I previously wrote a post about freeing ourselves of expectation, which did not encourage having “low” expectation, but to rather have none at all. In this post I want to take a deeper dive into the dangers of having expectations and how it can sabotage our friendships, romantic relationships and work relationships. The appropriate word for this challenge is indeed, “sabotage,” because we place this danger upon OURSELVES with expectations.
The main danger of expectation is its capability of overlooking appreciation as a result, in all scenarios in life. For example, perhaps your significant other took out the garbage without you asking but left the bottles in the bin in the kitchen. You expected him or her to take BOTH the garbage and bottles out without you asking, so what does this typically lead to? This leads to the overlooking of what your significant other DID do and focus on what he or she did not do. Now, is this fair to your partner who thought he or she was helping out? I’m not sure that it is. Rather, if we were free from all expectation in this scenario, we might be more likely to see what our partner had done and appreciate him or her for doing the task at all.
Another example might be the expectation of getting something in return for doing a friend a favor. Your friend asks you to drive them to the airport often, asked for help on a new move or asks for a money loan. As a result, you are keeping score of these favors you are doing for this friend and expecting them to repay you for all the things you have done for them, and when they don’t return the favor, resentment builds.
The true destroyer at the end of the day is this resentment that has resulted from expectation over appreciation. Perhaps you can relate to a time when you had a friend or significant other who did things to show their appreciation of you but also omitted from doing other things that you had expected of them to further show their appreciation. It just wasn’t enough in your book. How did this relationship work out? Most likely, after continuing the cycle of expecting and not getting, while overlooking things to appreciate, resentment built and most likely tarnished this relationship till it could no longer be repaired.

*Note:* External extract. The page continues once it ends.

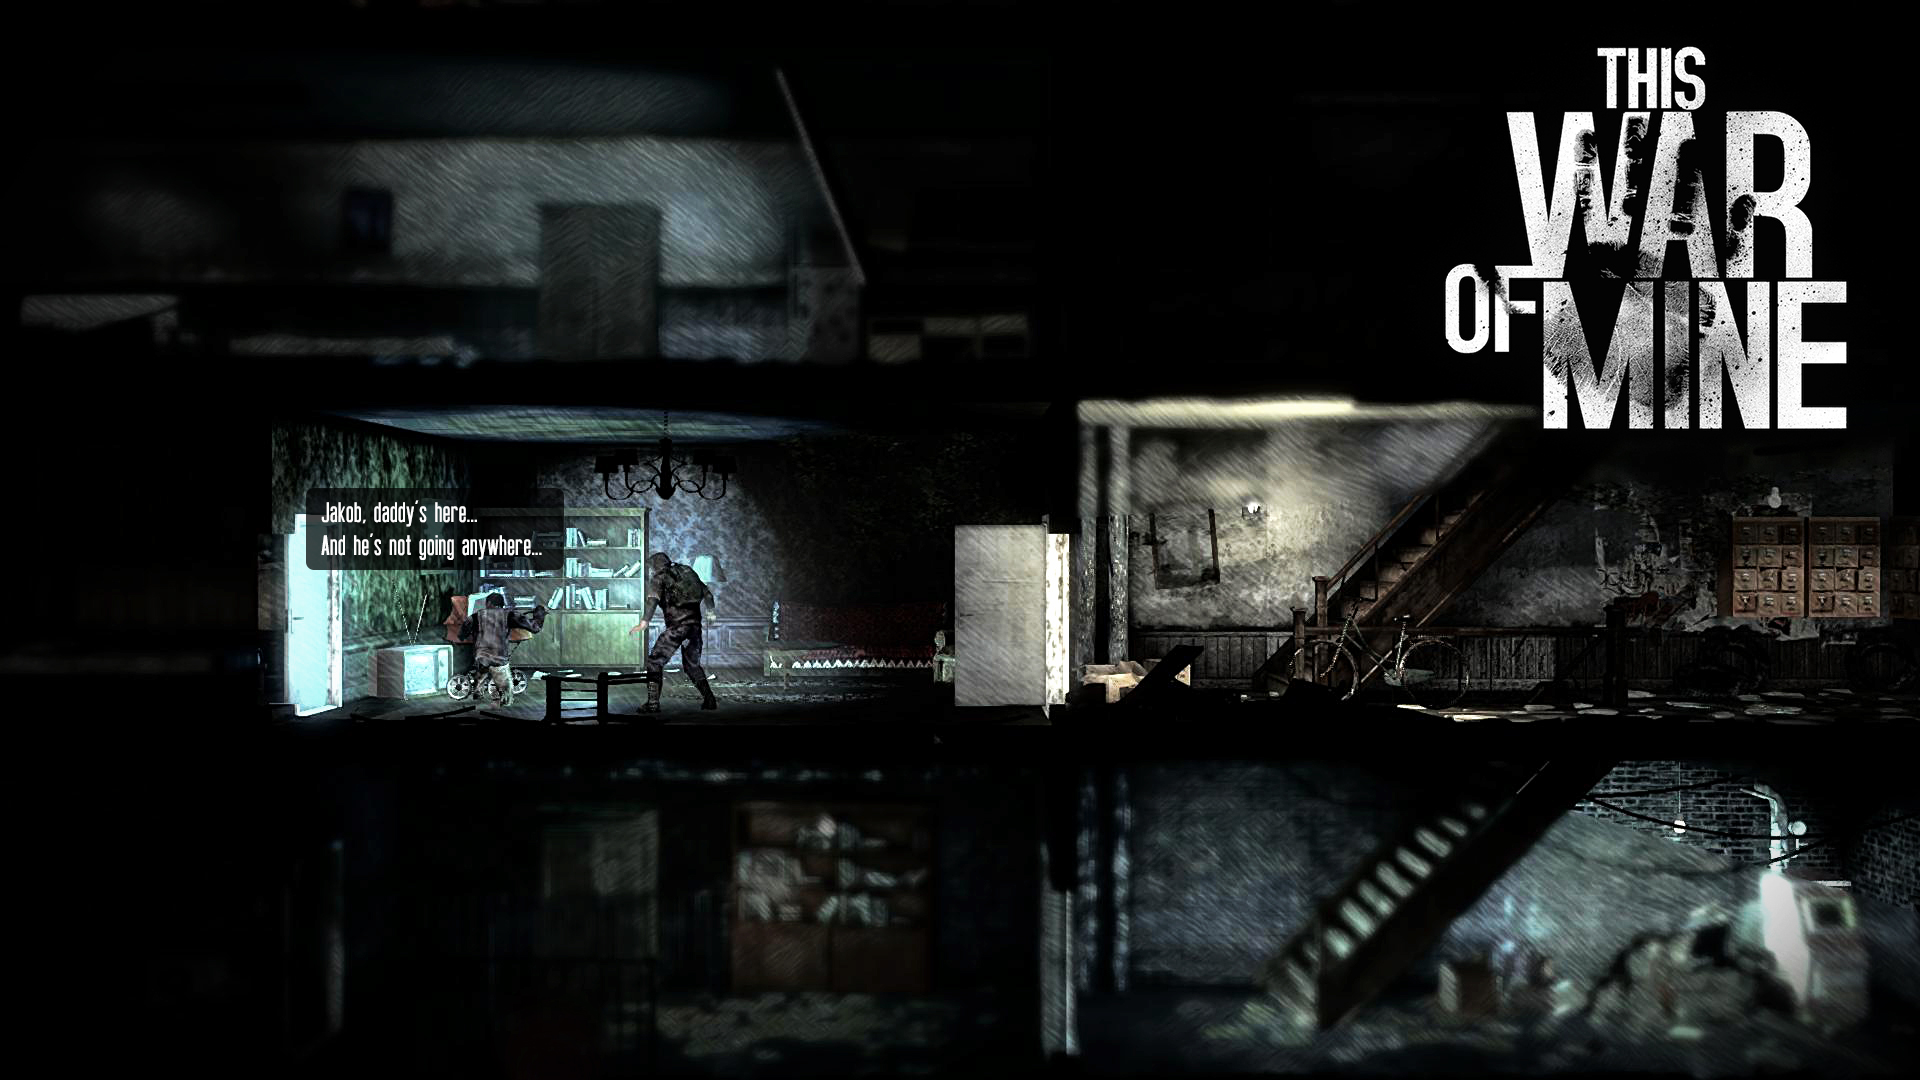 This war of mine: war child charity download free. full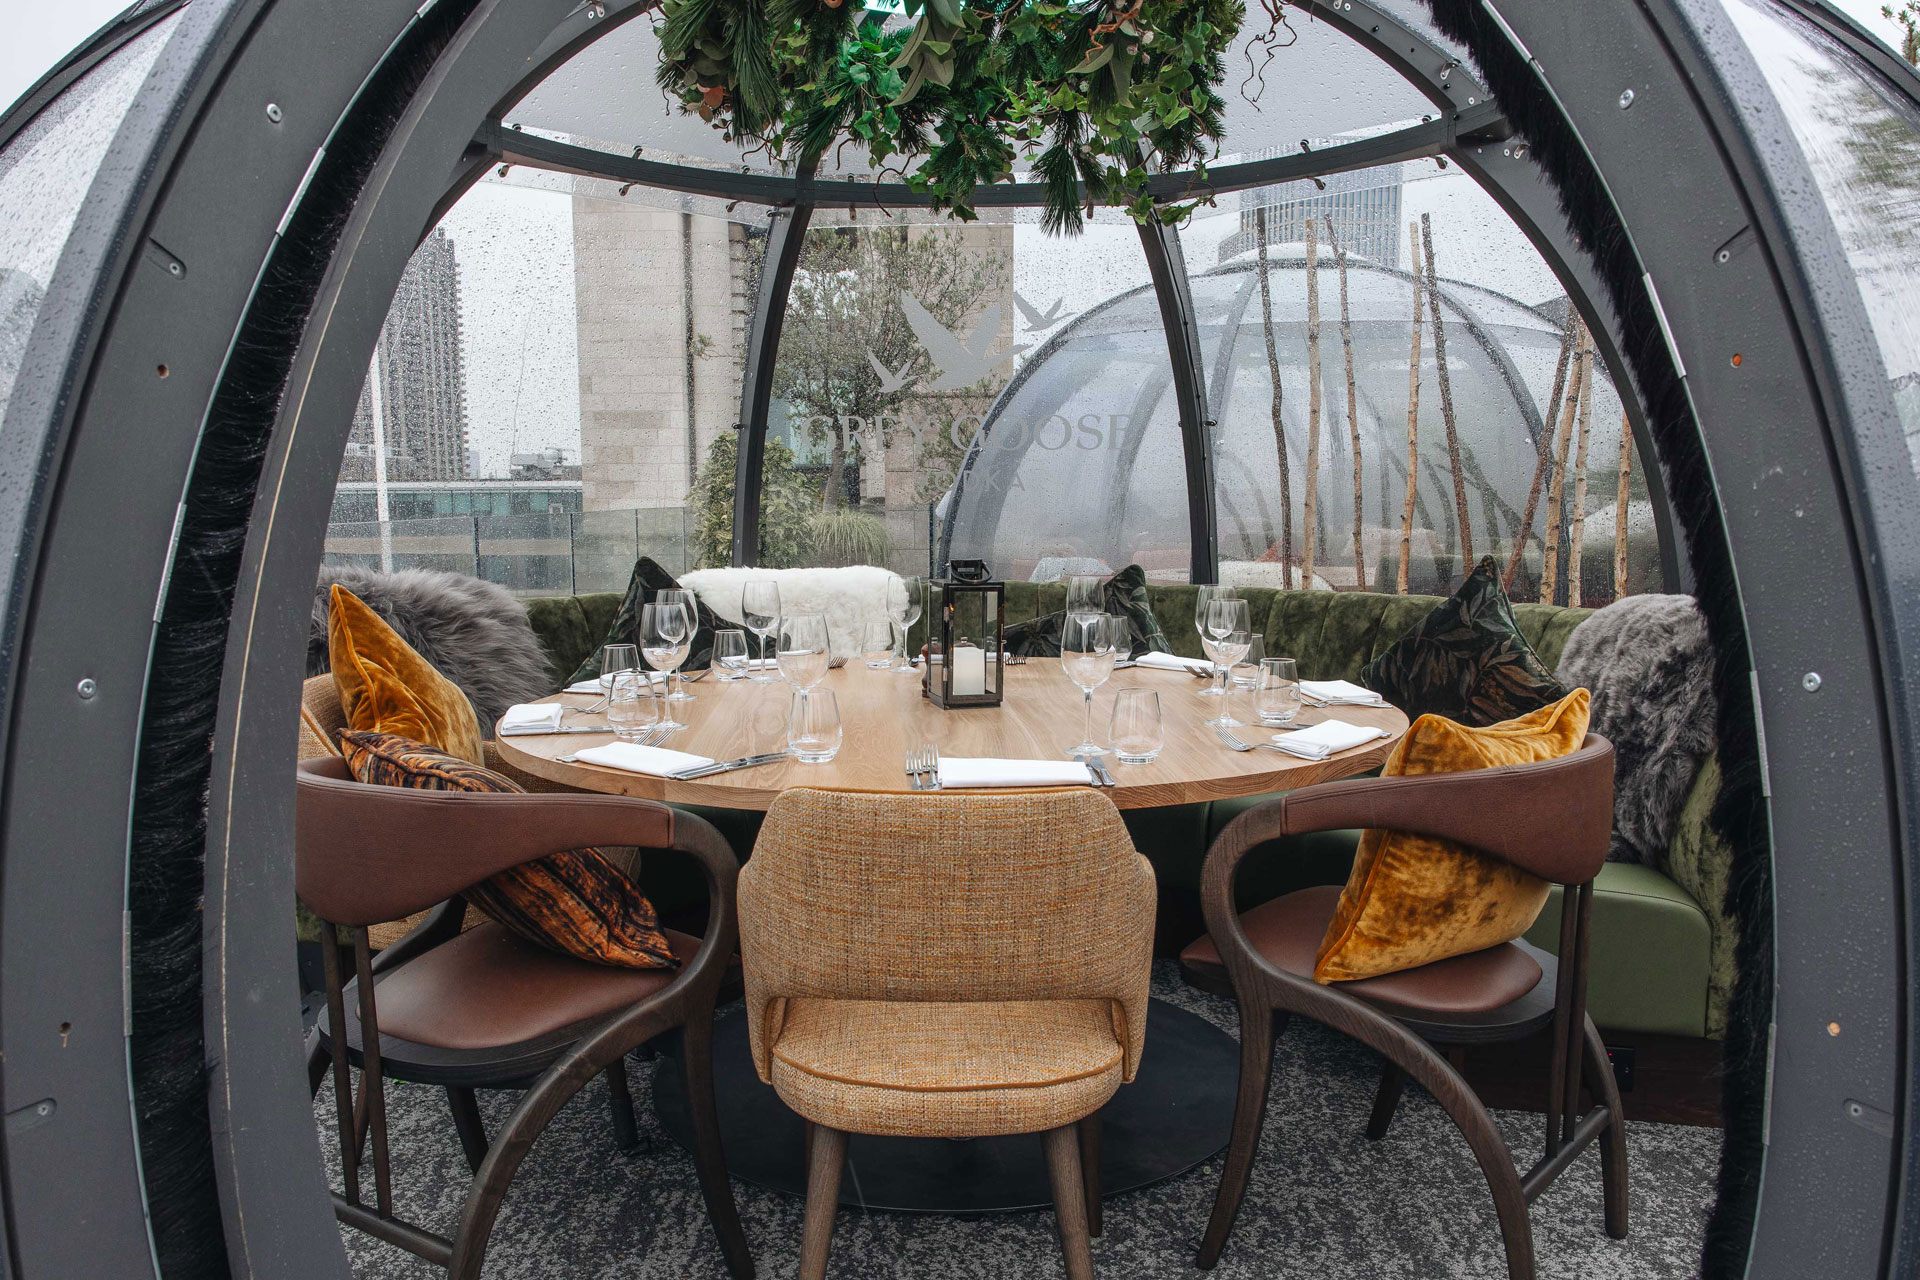 Aviary’s Rooftop Igloos: Private Dining With A Twist

So, now I ask you whether it was, in fact, them, who was the problem in the relationship for not having obeyed your expected (and often unexpressed) request, or was it you, overlooking what they did do any rather focused on what they did not? I encourage us to work on freeing ourselves of expectation or at least communicate our expectations to another. Conversely, focus on the good and appreciate what this other person HAS given you. Is it worth losing over expectation?